Paul Kowalski (born May 13, 1981) is a Polish-British film director and screenwriter based in Los Angeles.

Life & Career

Kowalski was born in Epsom, England to Polish immigrants and raised in North Africa, England, the Middle East, Southeast Asia, Poland and across the USA. While living in Riyadh, Saudi Arabia in the early 1990s, he worked as an actor for a children's program on English-language channel Saudi TV-2.

Kowalski studied literature and writing at Brown University, where he also made his earliest films. He later received his MFA in film directing at the AFI Conservatory.

His films center around identity, exile and obsession, often featuring dark psychologies and the supernatural.
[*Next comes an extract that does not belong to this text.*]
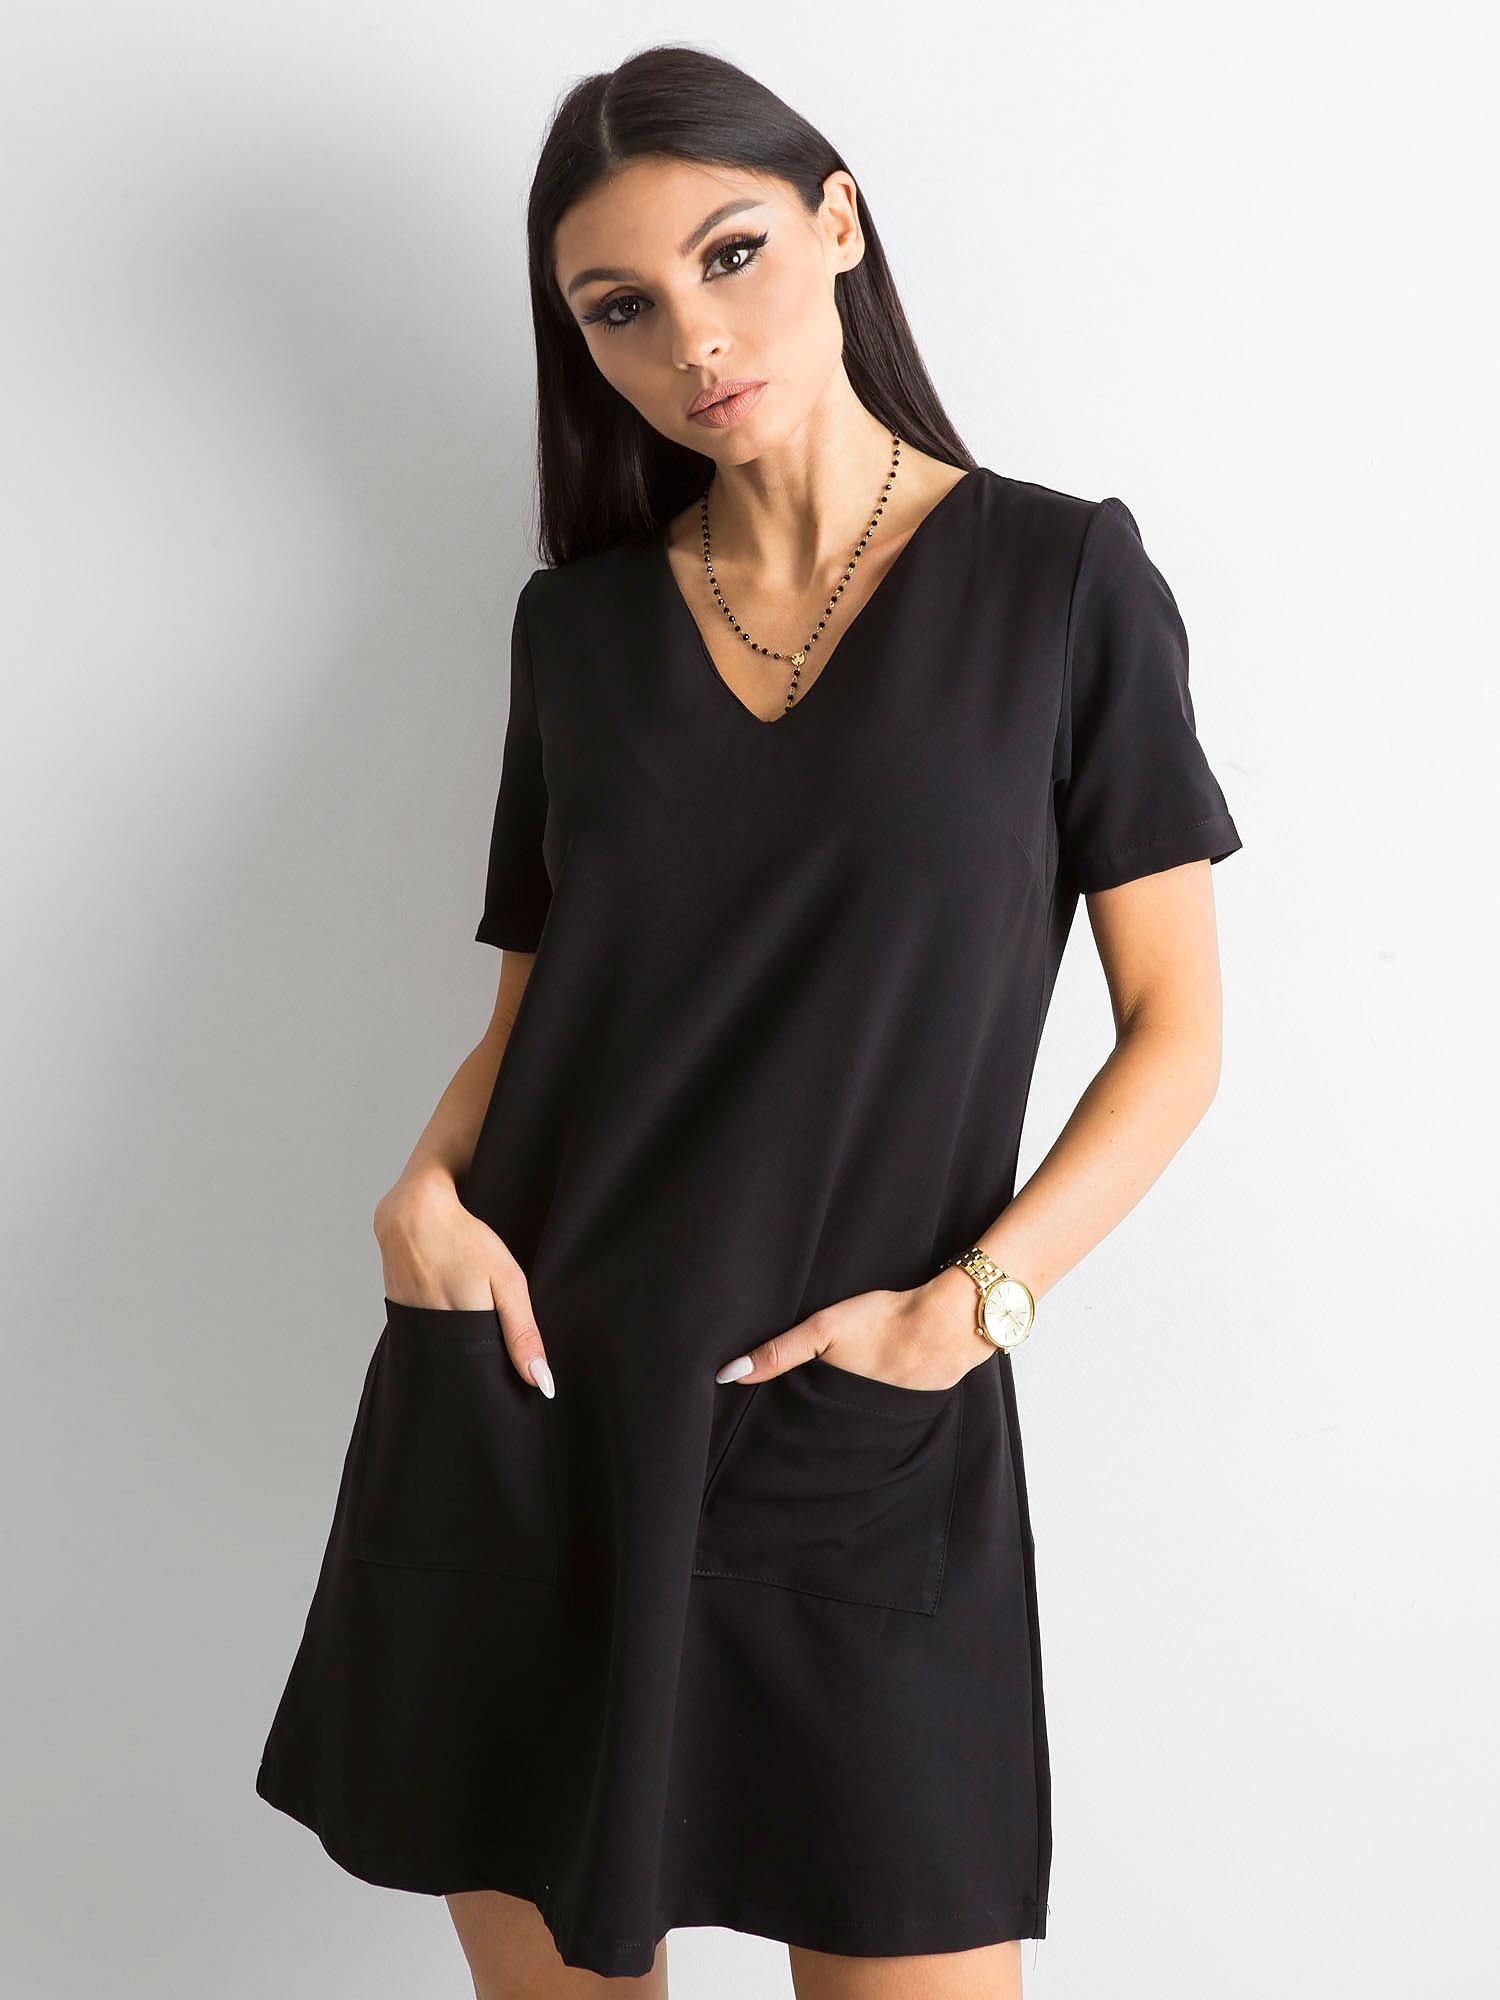 d15514db54 Czarna sukienka damska z kieszeniami - Sukienka koktajlowa - sklep ...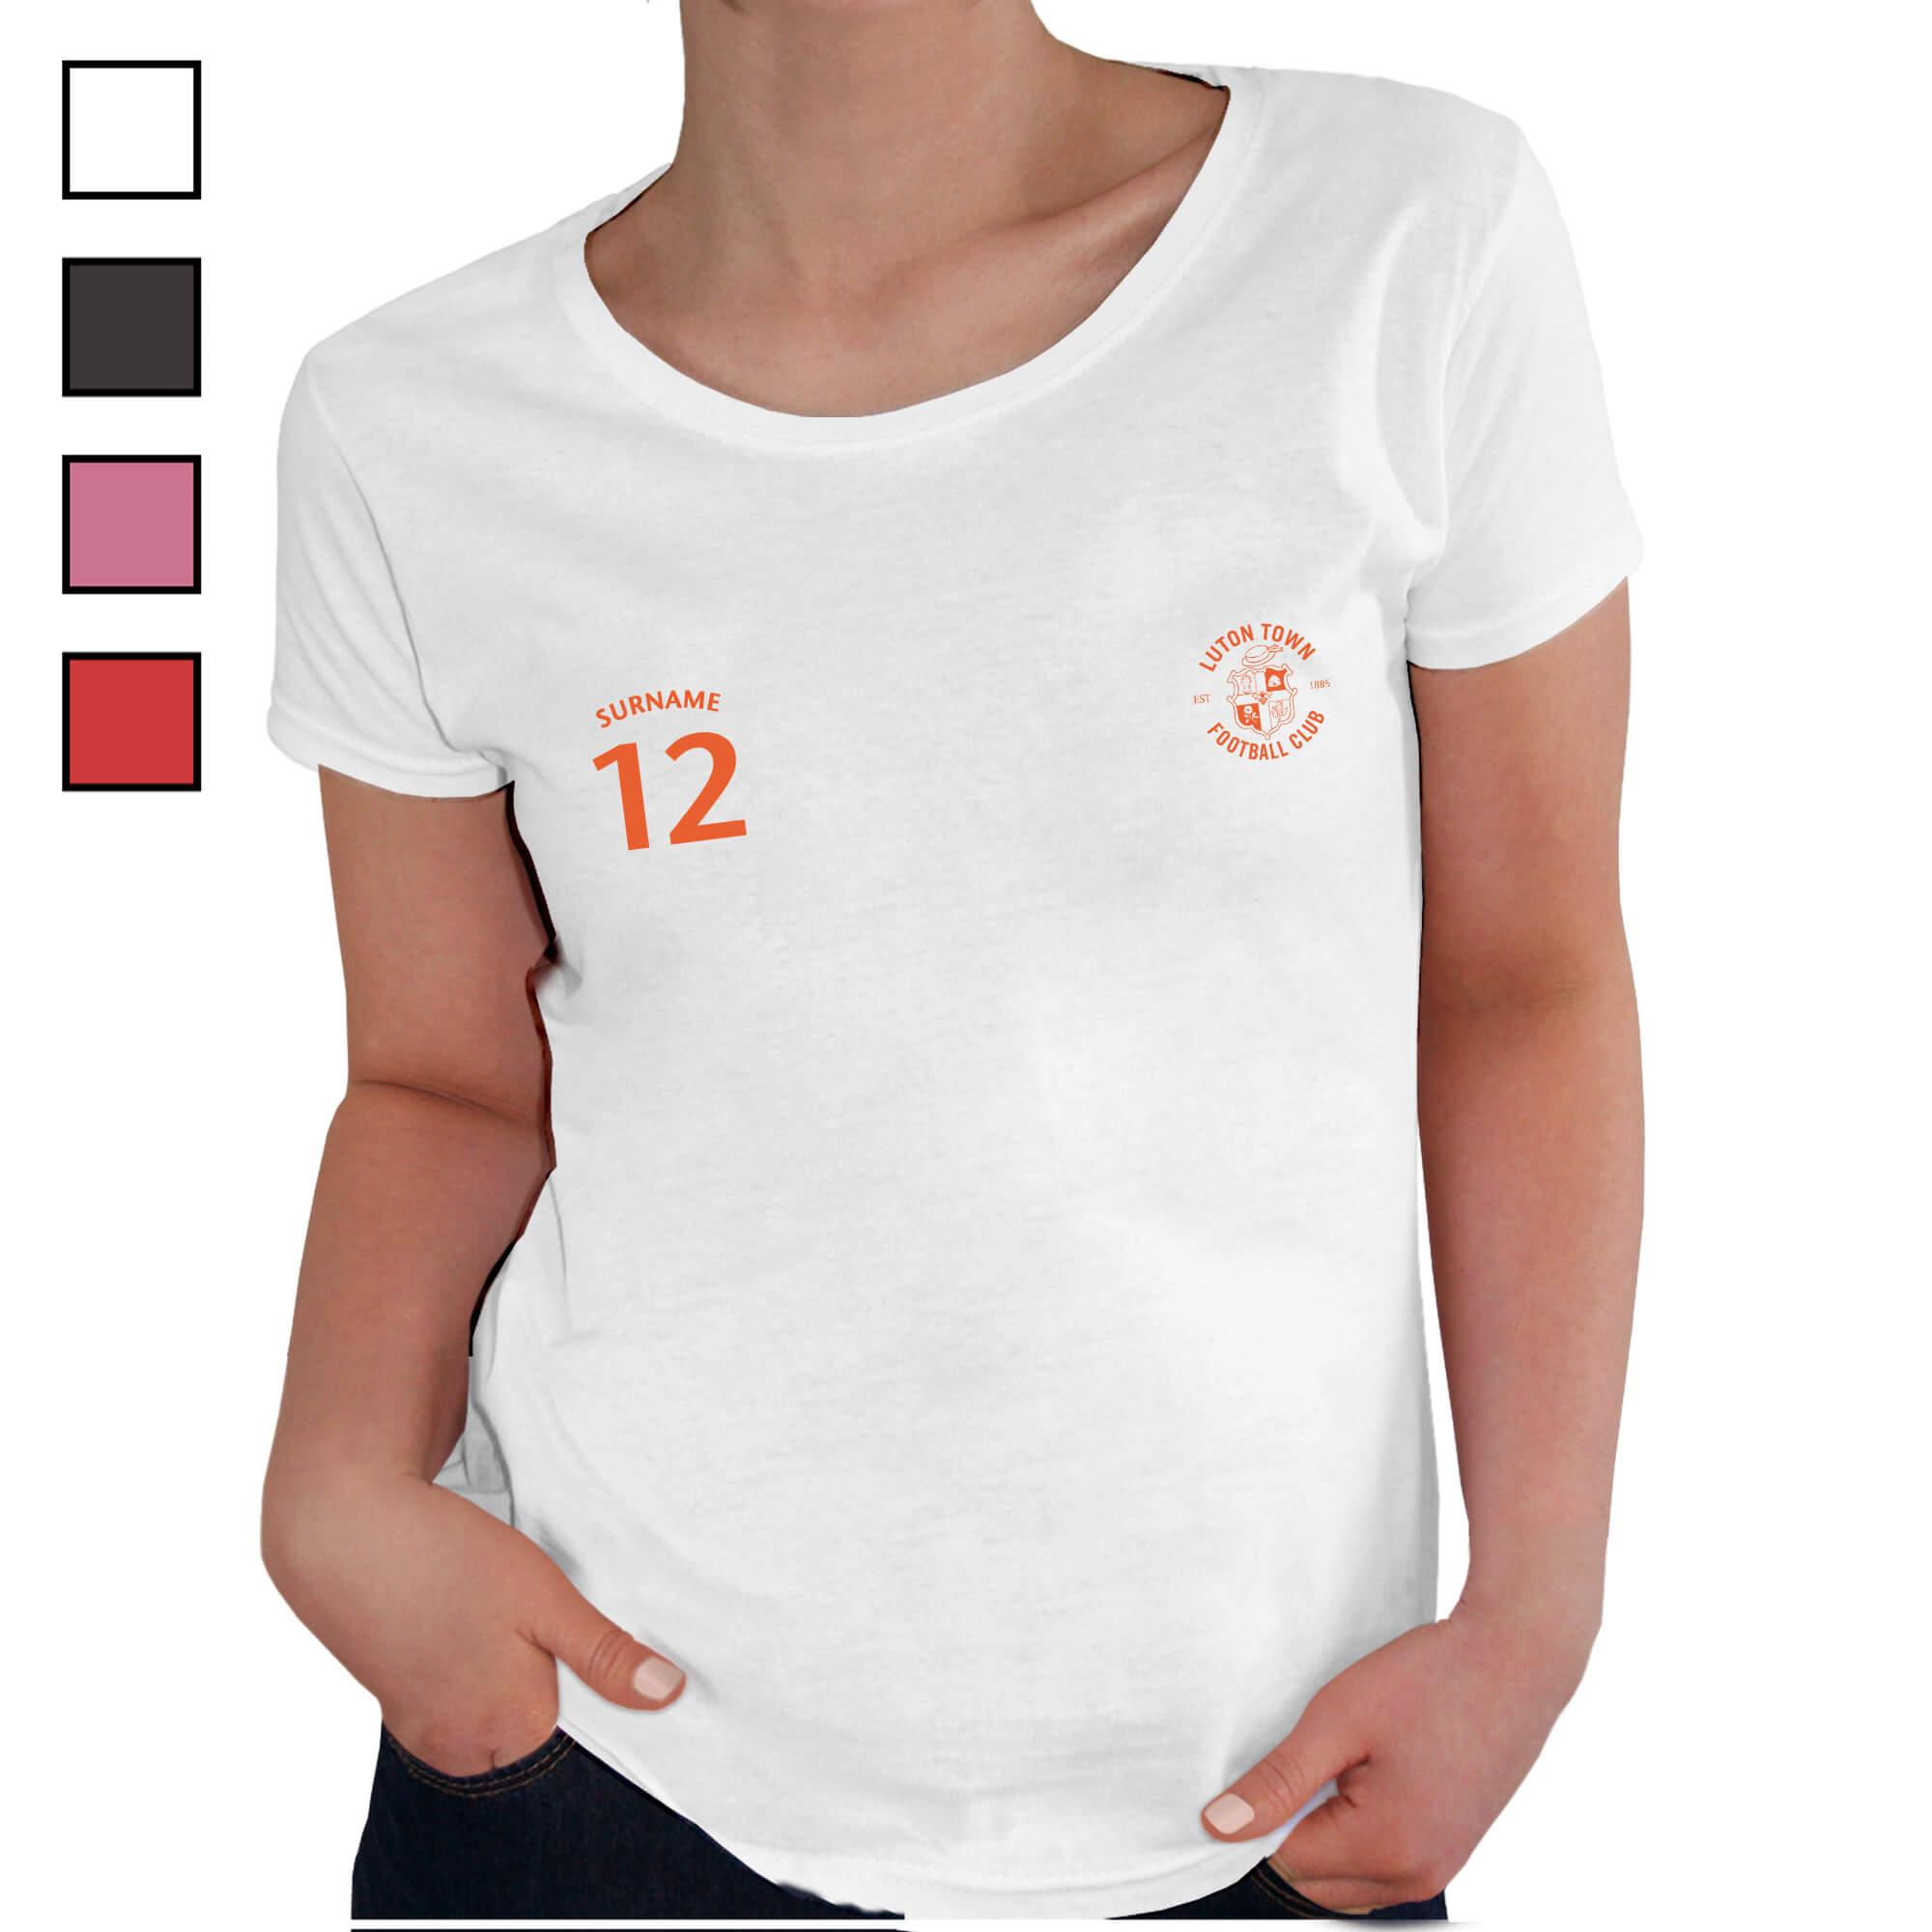 Luton Town FC Ladies Sports T-Shirt

As a film director and screenwriter, Kowalski has won recognition from the American Society of Cinematographers, Austin Film Festival, Beijing Film Academy, CINE, Aesthetica Short Film Festival, Raindance Film Festival, and Beverly Hills Film Festival among others.

His debut feature, Paper Tiger, premiered at Austin Film Festival in 2020, winning the Audience Award and a Jury mention. The film was sold by The Gersh Agency and distributed by Gravitas Ventures.

In 2021, Kowalski was named one of “25 Screenwriters To Watch” by Austin Film Festival.

Personal
Kowalski is married to actress Sorel Carradine.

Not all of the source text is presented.